Arnaout M A, Remold-O'Donnell E, Pierce M W, Harris P, Tenen D G
Renal Division, Children's Hospital, Boston, MA.
Proc Natl Acad Sci U S A. 1988 Apr;85(8):2776-80. doi: 10.1073/pnas.85.8.2776.
The cell-surface glycoprotein Mo1 is a member of the family of leukocyte cell adhesion molecules (Leu-CAMs) that includes lymphocyte function-associated antigen 1 (LFA-1) and p150,95. Each Leu-CAM is a heterodimer with a distinct alpha subunit noncovalently associated with a common beta subunit.
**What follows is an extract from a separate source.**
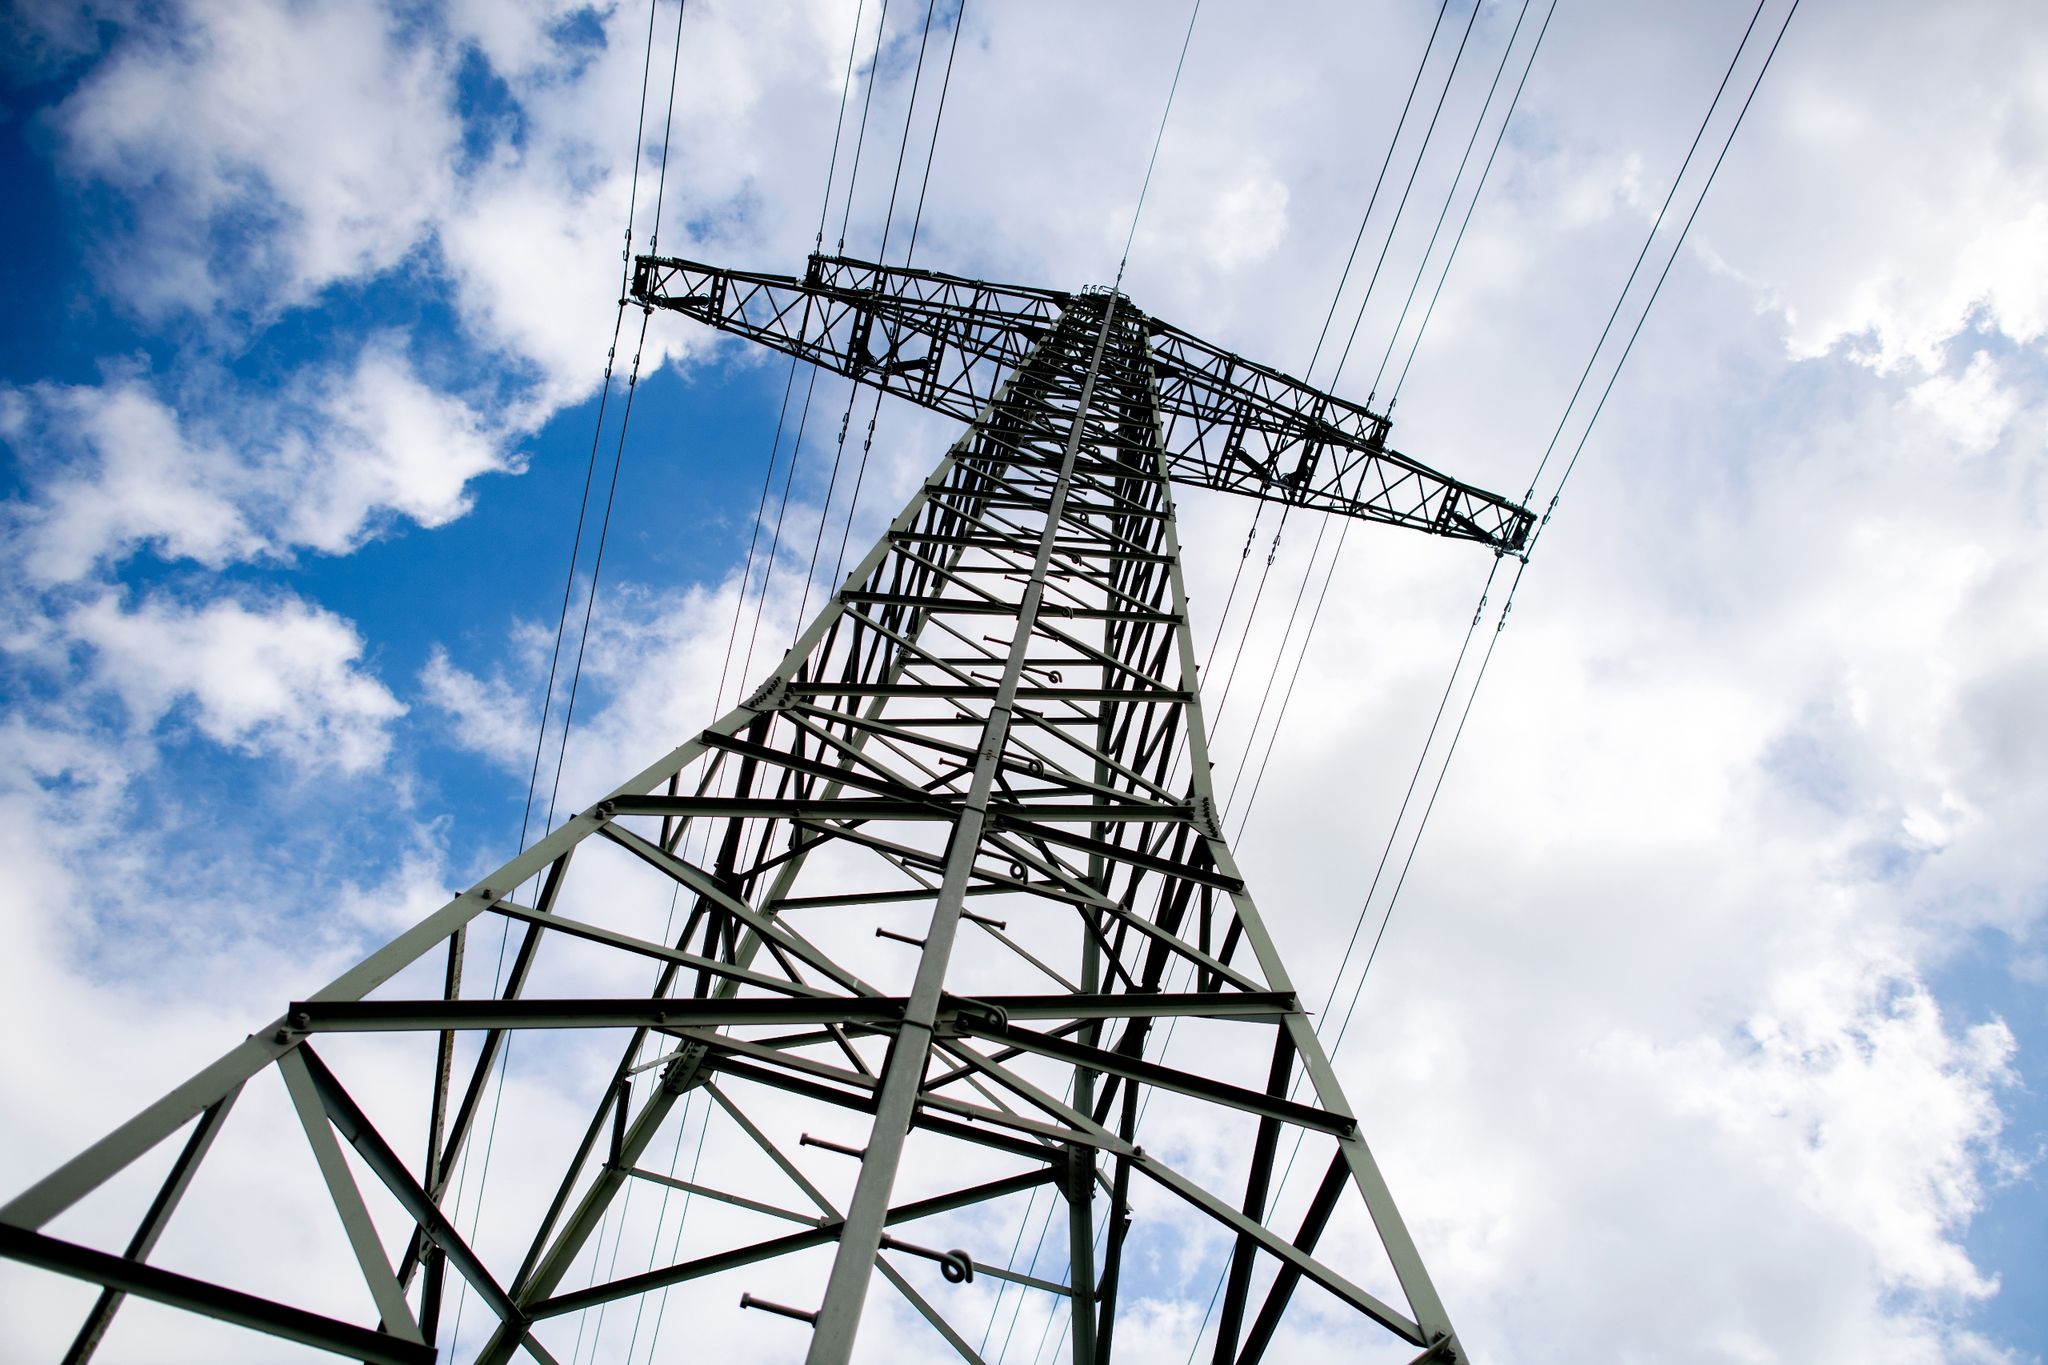 Mehr Verbraucherschutz: EU-Strommarktreform beschlossen

Leu-CAMs play crucial roles in cell-cell and cell-matrix interactions. We describe the isolation and analysis of two partial cDNA clones encoding the alpha subunit of the Leu-CAM Mo1 in humans and guinea pigs. A monoclonal antibody directed against an epitope in the carboxyl-terminal portion of the guinea pig alpha chain was used for immunoscreening a lambda gt11 expression library. The sequence of a 378-base-pair insert from one immunoreactive clone revealed a single continuous open reading frame encoding 126 amino acids including a 26-amino acid tryptic peptide isolated from the purified guinea pig alpha subunit. A cDNA clone of identical size was isolated from a human monocyte/lymphocyte cDNA library by using the guinea pig clone as a probe. The human clone also encoded a 126-amino acid peptide including the sequence of an additional tryptic peptide present in purified human Mo1 alpha chain. RNA gel blots revealed that mature Mo1 alpha chain mRNA is approximately 5 kilobases in guinea pigs and humans. Southern analysis of DNA from hamster-human hybrids localized the human Mo1 alpha chain to chromosome 16, which has been shown to contain the gene for the alpha chain of lymphocyte function-associated antigen 1. A comparison of the Mo1 alpha chain coding region revealed significant homologies with carboxyl-terminal portions of the alpha subunits of fibronectin, vitronectin, and platelet IIb/IIIa receptors. These data suggest that the alpha subunits of Leu-CAMs evolved by gene duplication from a common ancestral gene and strengthen the hypothesis that the alpha subunits of these heterodimeric cell adhesion molecules on myeloid and lymphoid cells, platelets, and fibroblasts are evolutionary related.
细胞表面糖蛋白Mo1是白细胞细胞黏附分子(Leu-CAMs)家族的成员,该家族包括淋巴细胞功能相关抗原1(LFA-1)和p150,95。每个Leu-CAM都是一个异二聚体,由一个独特的α亚基与一个共同的β亚基非共价结合而成。Leu-CAMs在细胞间和细胞与基质的相互作用中起关键作用。我们描述了在人和豚鼠中编码Leu-CAM Mo1α亚基的两个部分cDNA克隆的分离和分析。一种针对豚鼠α链羧基末端部分表位的单克隆抗体用于免疫筛选λgt11表达文库。来自一个免疫反应性克隆的378个碱基对插入片段的序列显示有一个单一的连续开放阅读框,编码126个氨基酸,包括从纯化的豚鼠α亚基中分离出的一个26个氨基酸的胰蛋白酶肽段。通过使用豚鼠克隆作为探针,从人单核细胞/淋巴细胞cDNA文库中分离出一个大小相同的cDNA克隆。人克隆也编码一个126个氨基酸的肽段,包括纯化的人Mo1α链中存在的另一个胰蛋白酶肽段的序列。RNA凝胶印迹显示,成熟的Mo1α链mRNA在豚鼠和人中约为5千碱基。对仓鼠-人杂种DNA的Southern分析将人Mo1α链定位于16号染色体,该染色体已被证明含有淋巴细胞功能相关抗原1α链的基因。对Mo1α链编码区的比较显示,它与纤连蛋白、玻连蛋白和血小板IIb/IIIa受体α亚基的羧基末端部分有显著同源性。这些数据表明,Leu-CAMs的α亚基是通过基因复制从一个共同的祖先基因进化而来的,并强化了这样一种假说,即这些在髓样和淋巴样细胞、血小板和成纤维细胞上的异二聚体细胞黏附分子的α亚基在进化上是相关的。